__Dataset section__
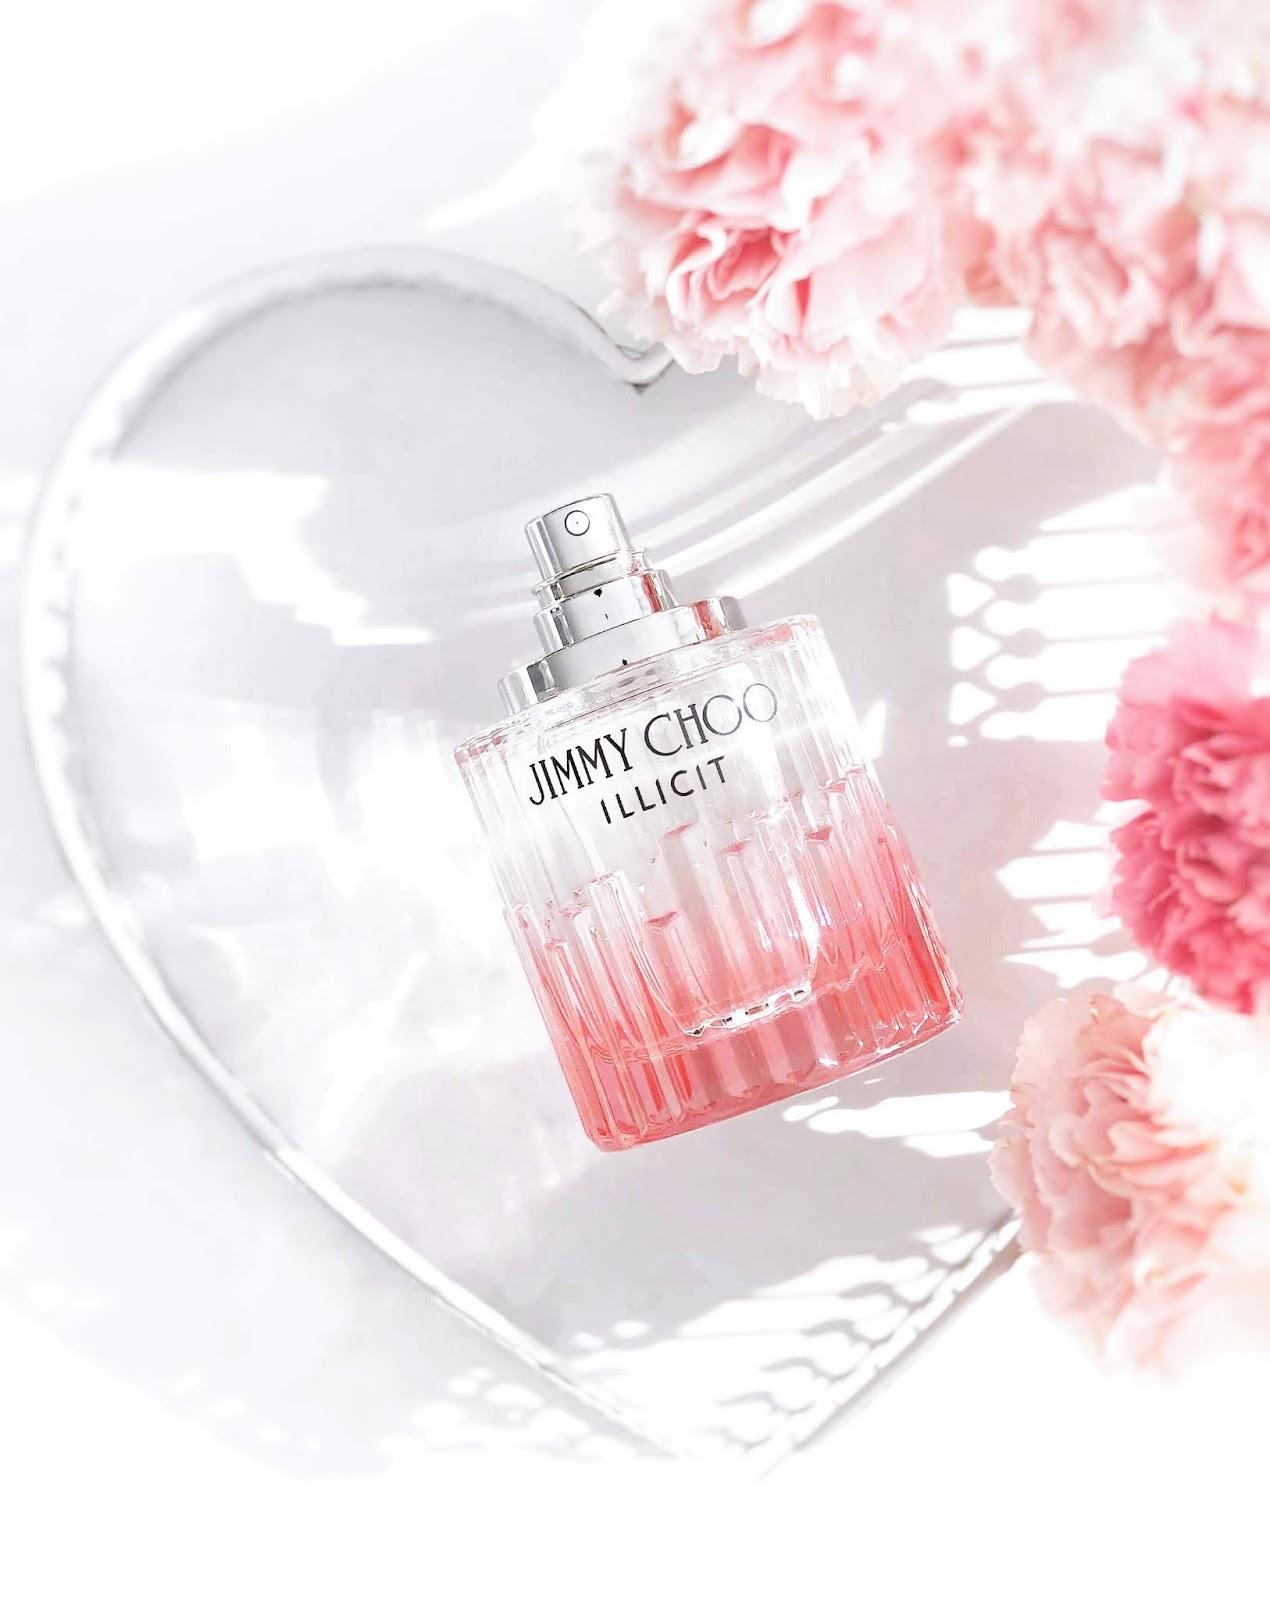 Jimmy-Choo-Illicit-perfumy-na-wiosne
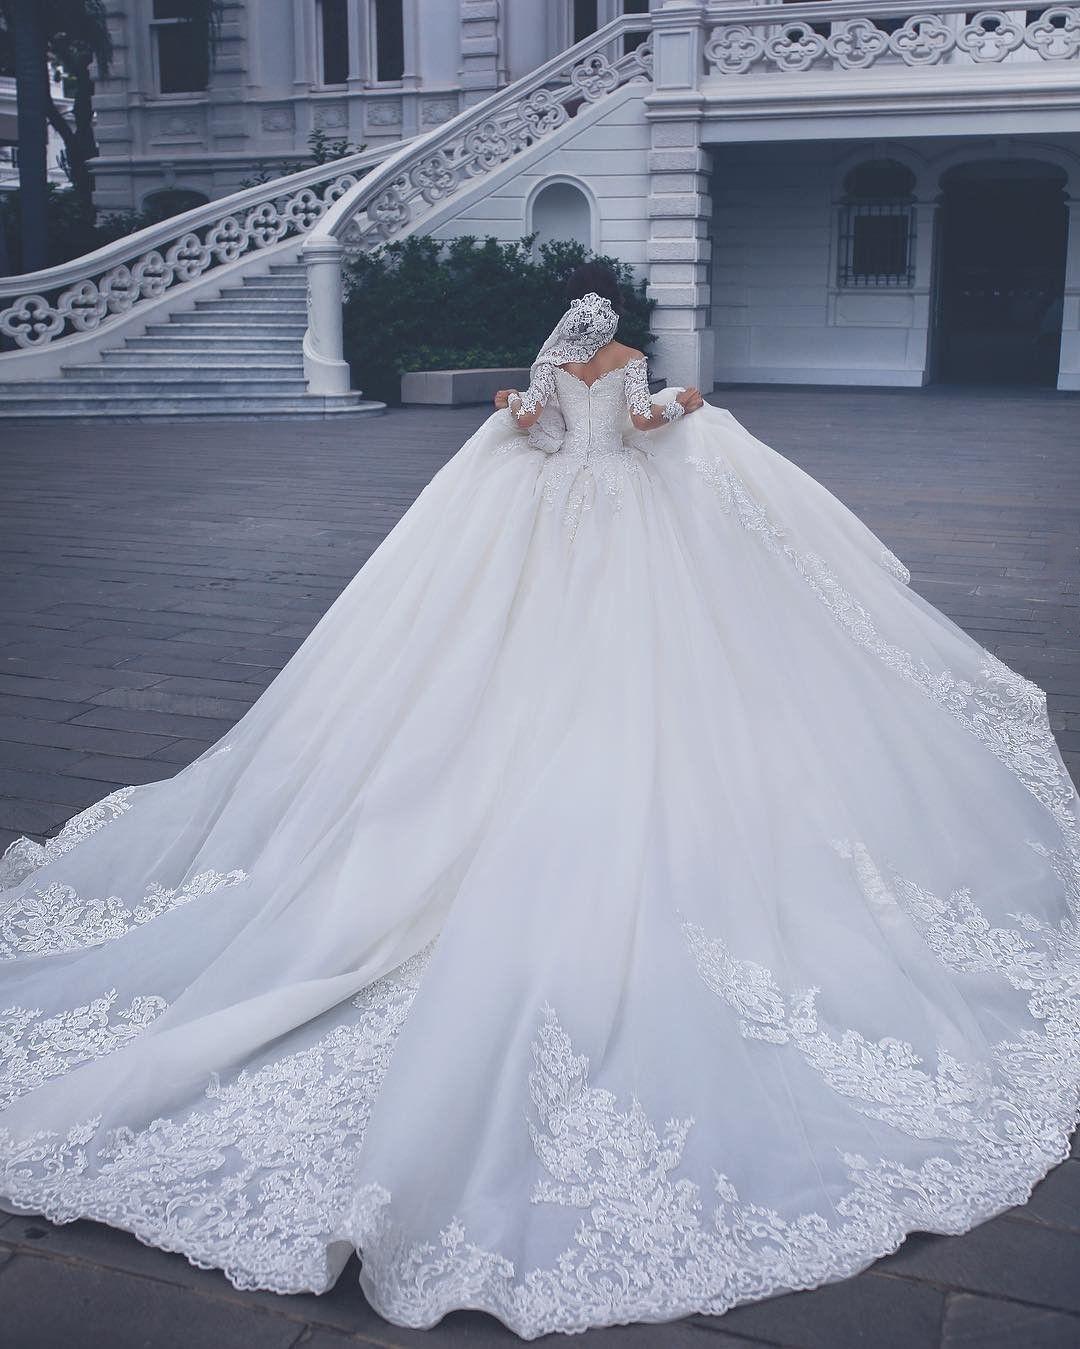 Long Sleeve Tulle Vestido De Novia Off Shoulder Long Sleeves Lace Appliques Ball Gown Wedding Dress Elegance Plus Size Wedding Gown Cheap
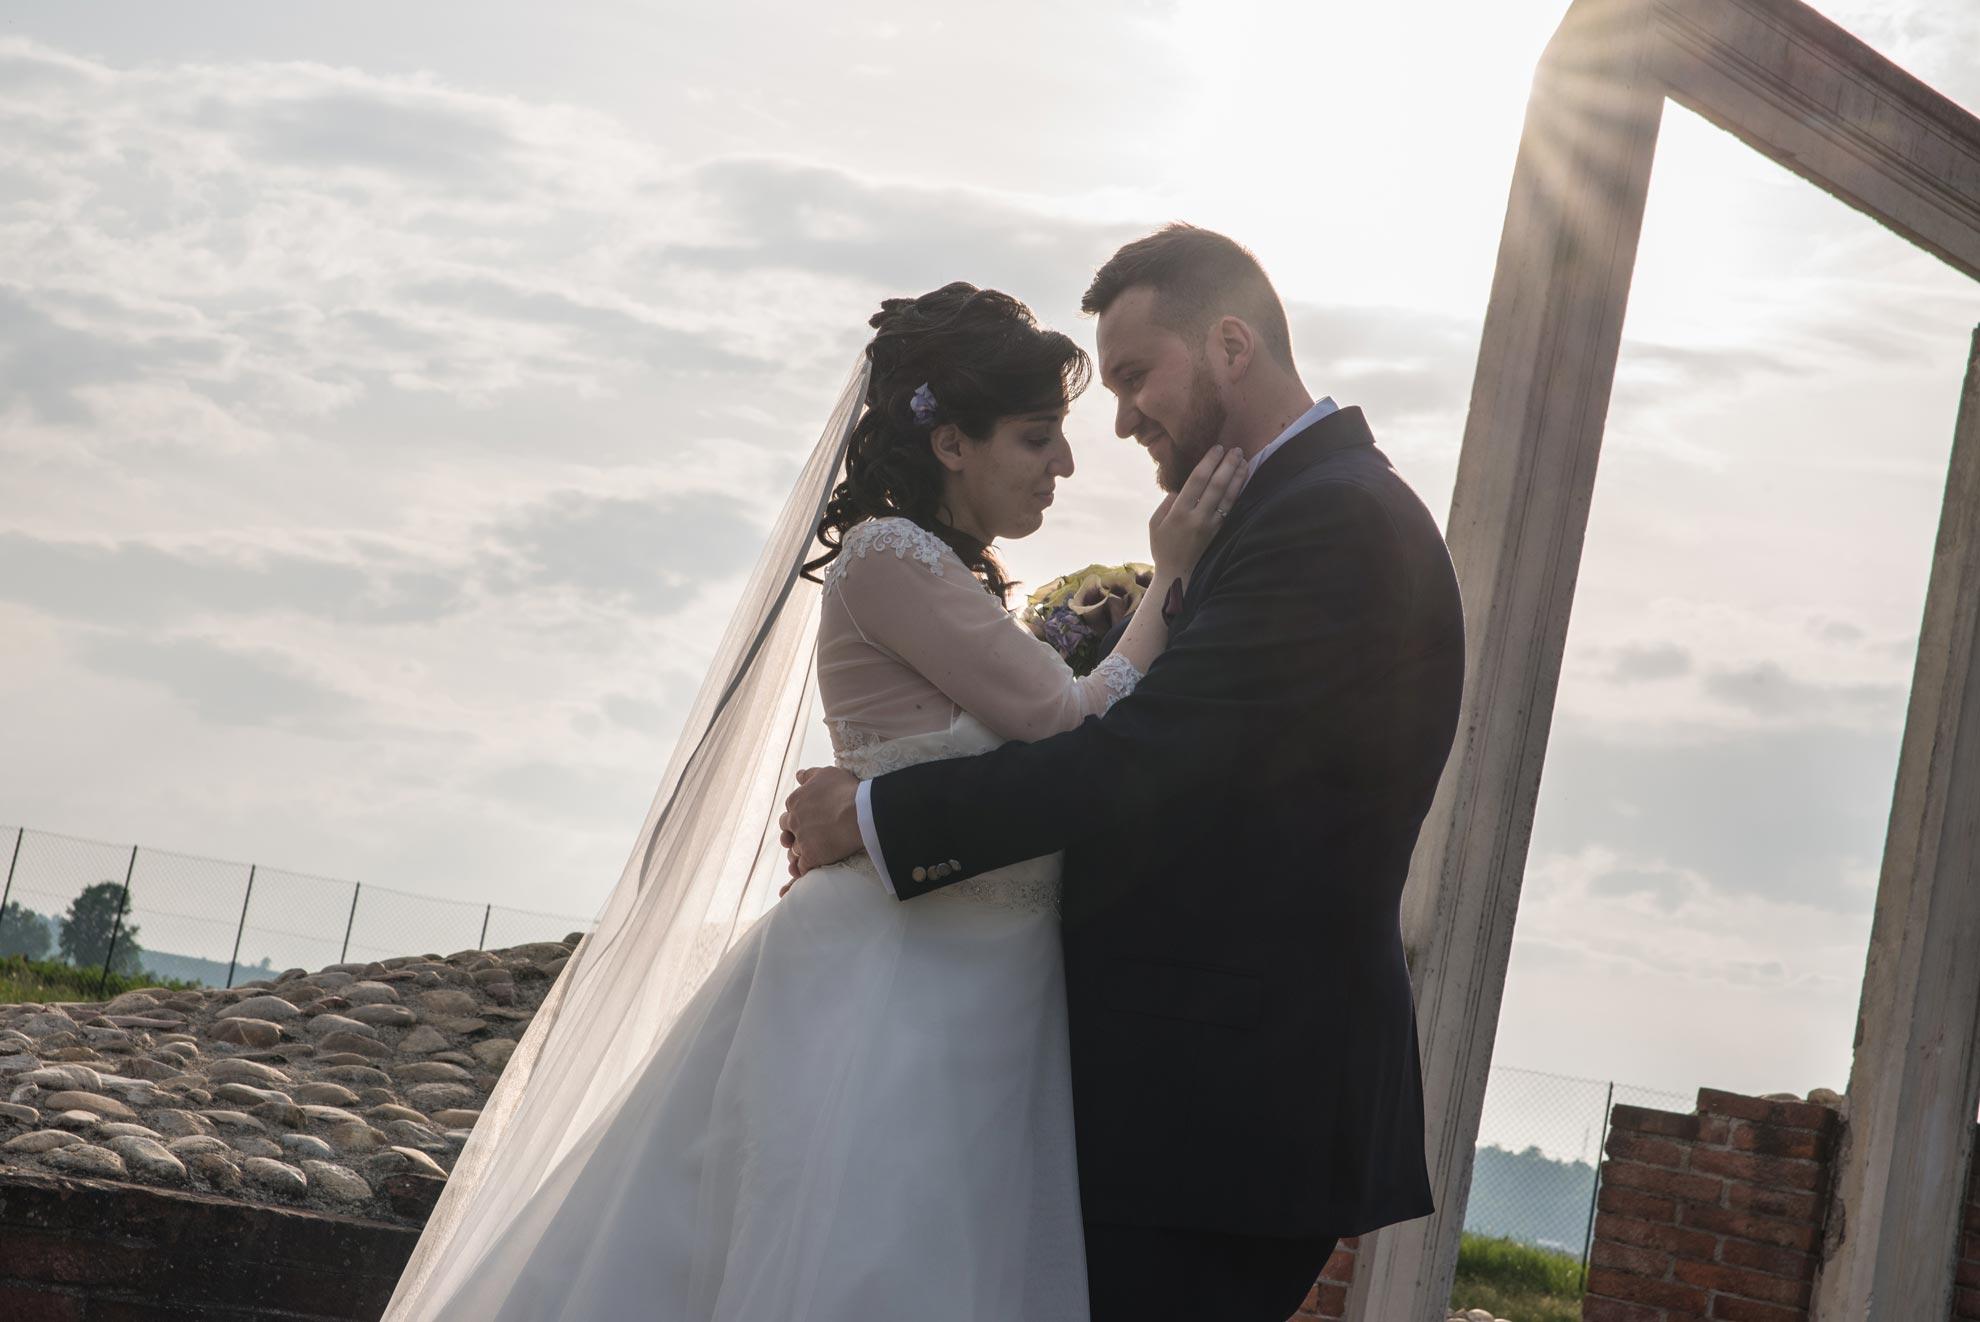 Matrimonio a Narzole Lorenza Diego - DSC 3227 - Fotografie matrimonio al tramonto - Fotografie matrimonio al tramonto
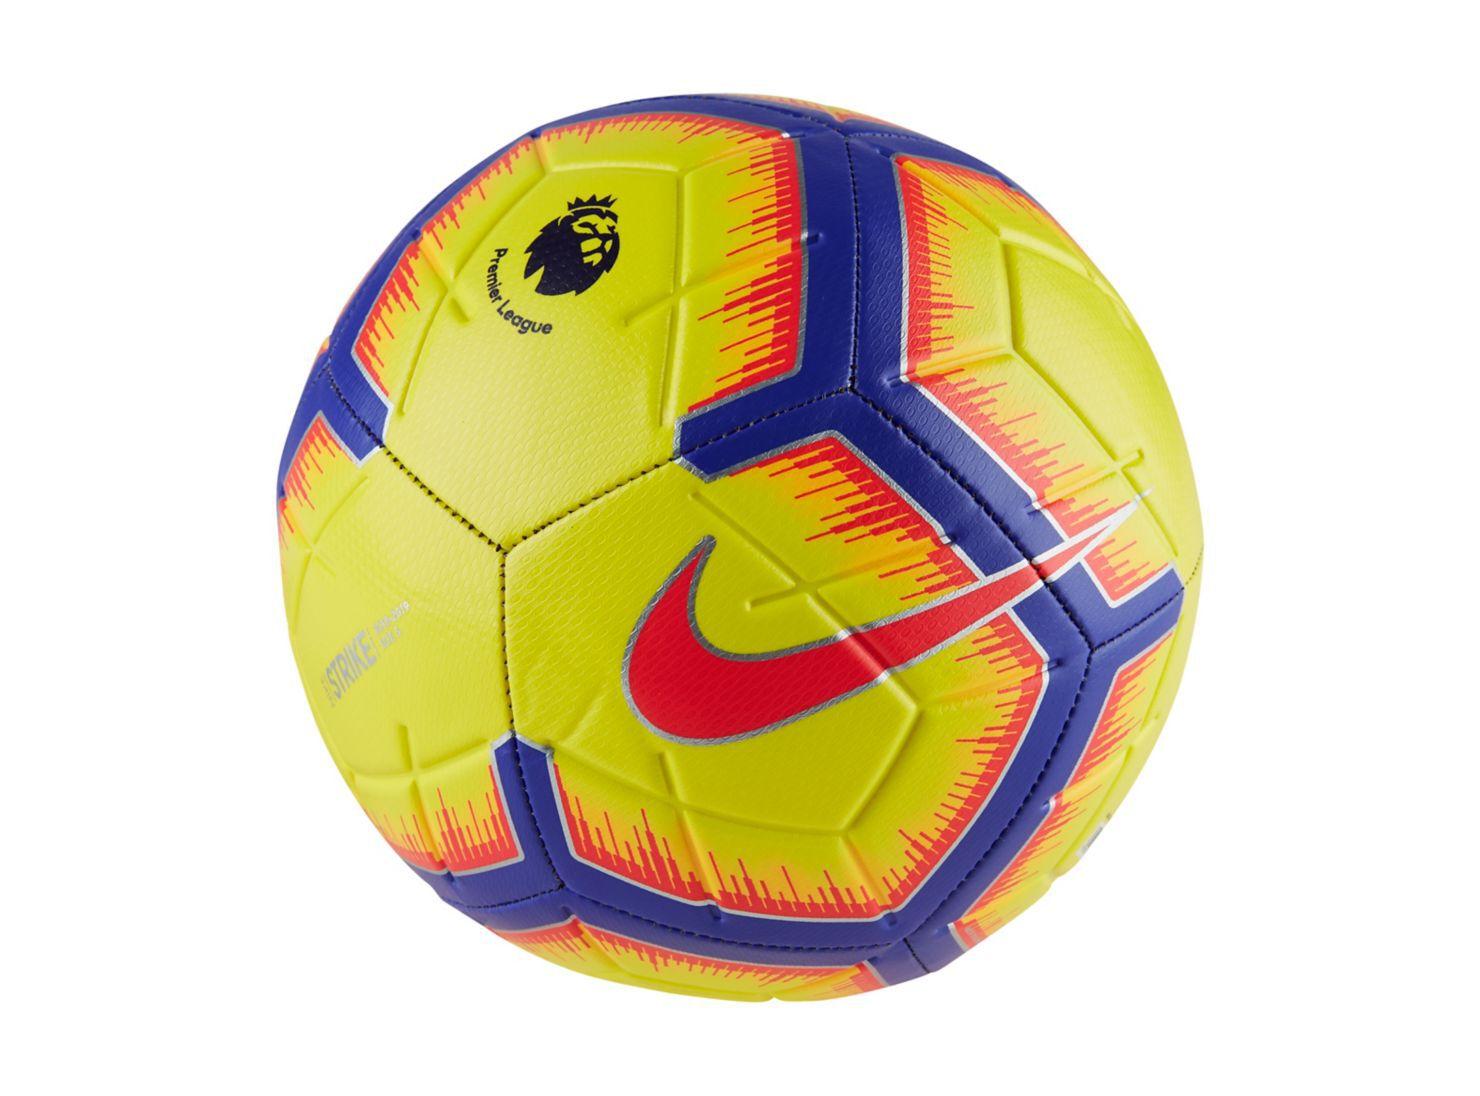 Images. Pelota de Fútbol Premier League Strike Nike ... 17f719df8fa7b

__Goal of the exercise__
A word-for-word repeat is expected of the lines from the one with "Long Sleeve Tulle" to the end of the data, both included; pictures are not part of it.

__Result__
 Long Sleeve Tulle Vestido De Novia Off Shoulder Long Sleeves Lace Appliques Ball Gown Wedding Dress Elegance Plus Size Wedding Gown Cheap
 Matrimonio a Narzole Lorenza Diego - DSC 3227 - Fotografie matrimonio al tramonto - Fotografie matrimonio al tramonto
 Images. Pelota de Fútbol Premier League Strike Nike ... 17f719df8fa7b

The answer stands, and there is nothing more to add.